DistOS 2015W Session 12
Haystack
- Facebook's Photo Application Storage System.
- Previous Fb photo storage based on NFS design. The reason why NFS dint work is because it gave 3 reads for every photo. The issue here was that they needed 1 read per photo.
- Main goals of Haystack:
- High throughput with low latency
- Fault tolerance
- Cost effective
- SImple
- Facebook utilises CDN to serve popular images and further uses haystack to respond to photo requests in the long tail effectively.
- Haystack reduces the memory used for filesystem metadata
- It has 2 types of metadata:
- Application metadata
- File System metadata
- The architecture consists of 3 components:
- Haystack Store
- Haystack Directory
- Haystack Cache
Comet
- Introduced the concept of distributed shared memory (DSM). In a DSM, RAMs from multiple servers would appear as if they are all belonging to one server, allowing better scalability for caching.

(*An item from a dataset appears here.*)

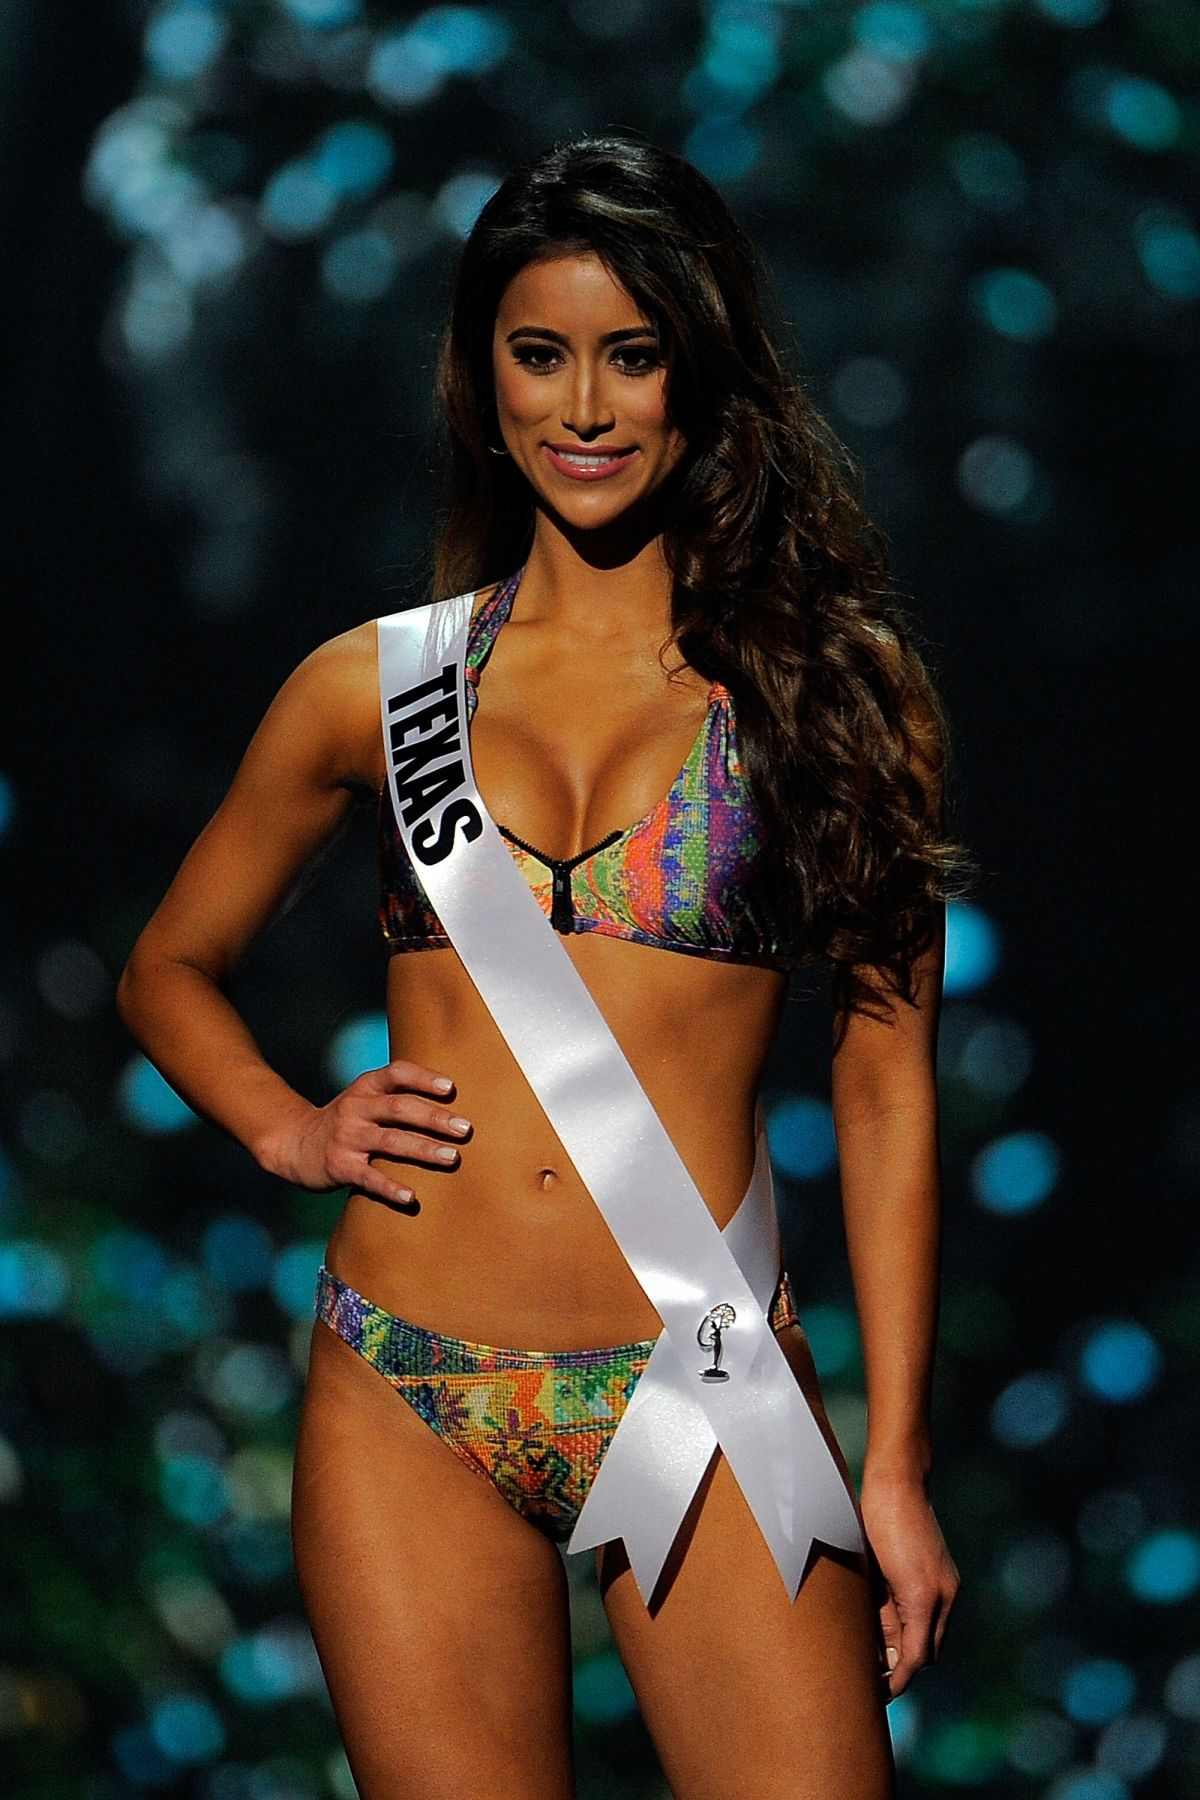 LAUREN GUZMAN at Miss USA 2014 Preliminary Competition

- Comet model works by offloading the computation intensive process from the mobile to only one server.
- The offloading process works by passing the computation intensive process to the server and hold it on the mobile device. Once the process on the server completes, it returns the results and the handle back to the mobile device. In other words, the process does not get physically offloaded to the server but instead it runs on the server and stopped on the mobile device.
F4
- Warm Blob Storage System.
- Warm Blob is a immutable data that gets cool very rapidly.

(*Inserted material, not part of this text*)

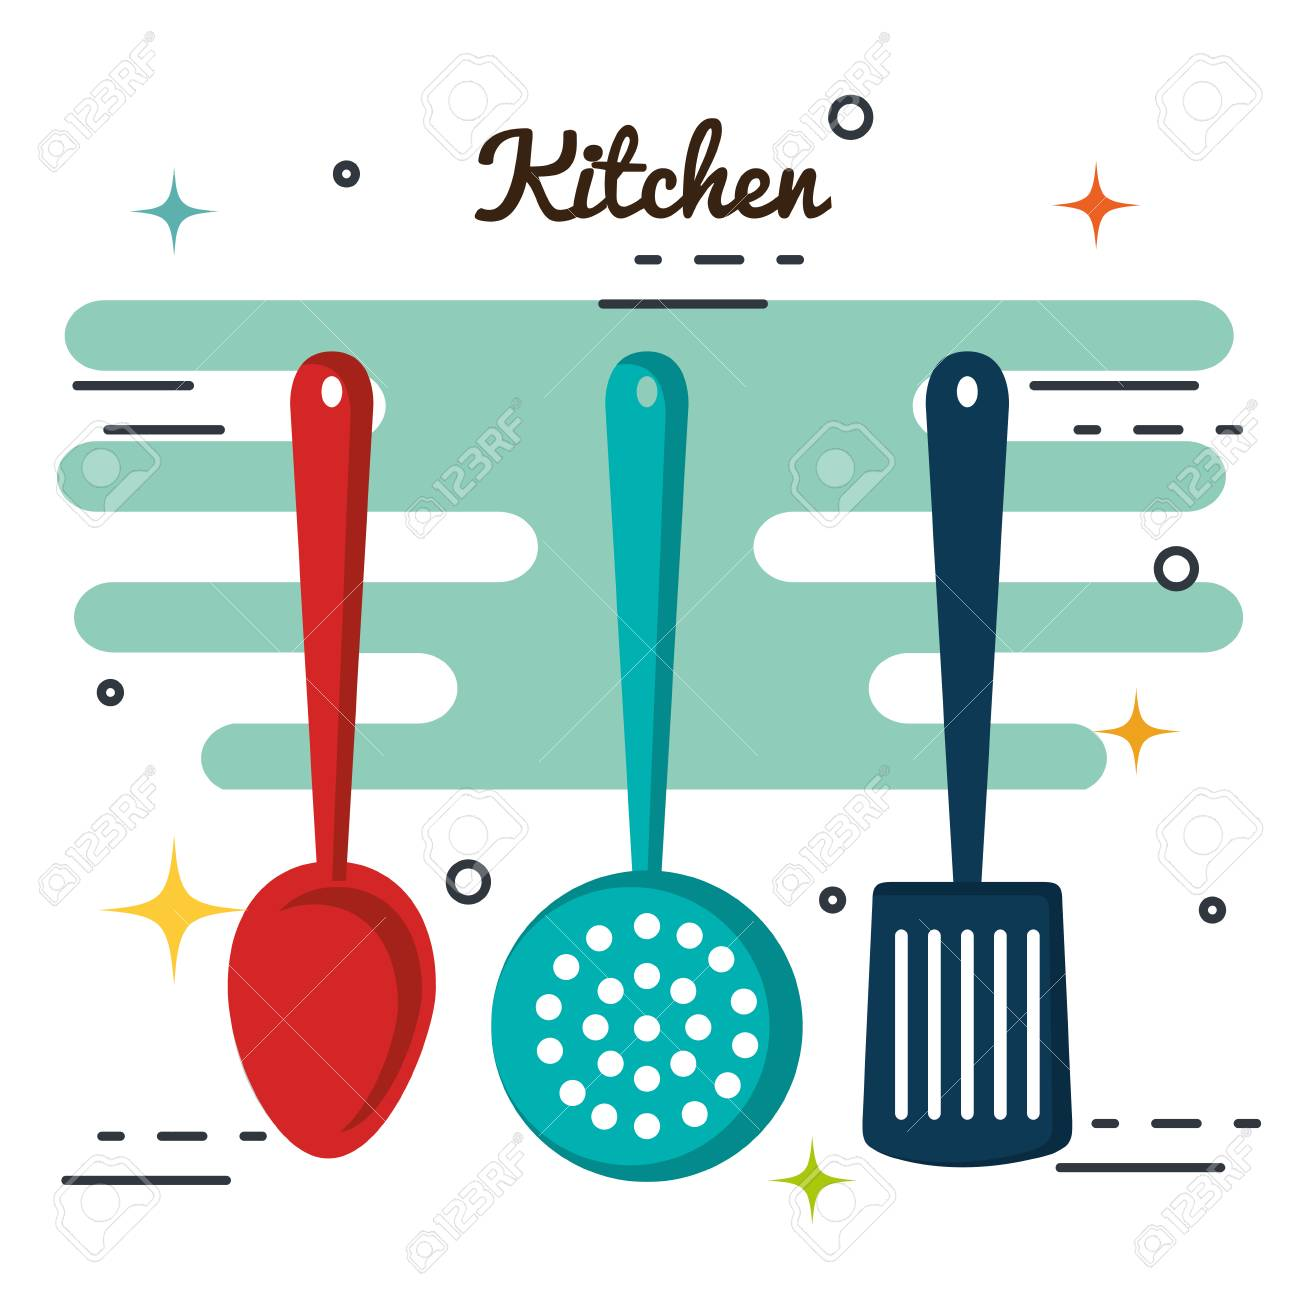 Kitchen Utensils Over White Background Vector Illustration Royalty ...

- F4 reduce the space usage by 3.6 to 2.8 or 2.1 replication factor using Reed Solomon coding and XOR coding respectively but still provides consistency.
- Reed Solomon coding basically use(10,4) which means 10 data and 4 parity blocks in a stripe, and can thus tolerate losing up to 4 blocks before they lose the stripe and use 1.4 expansion factor.Two copies of this would be 2* 1.4= 2.8 effective replication factor.
- XOR coding use(2,1) across three data center and use 1.5 expansion factor which gives 1.5*1.4= 2.1 effective replication factor
Sapphire
- Represents a building block towards building this global distributed systems. The main critique to it is that it didn’t present a specific use case upon which their design is built upon.
- Sapphire does not show their scalability boundaries. There is no such distributed system model that can be “one size fits all”, most probably it will break in some large scale distributed application.
- Reaching this global distributed system that address all the distributed OS use cases will be a cumulative work of many big bodies and building it block by block and then this system will evolve by putting all these different building blocks together. In other words, reaching a global distributed system will come from a “bottom up not top down approach” [Somayaji, 2015].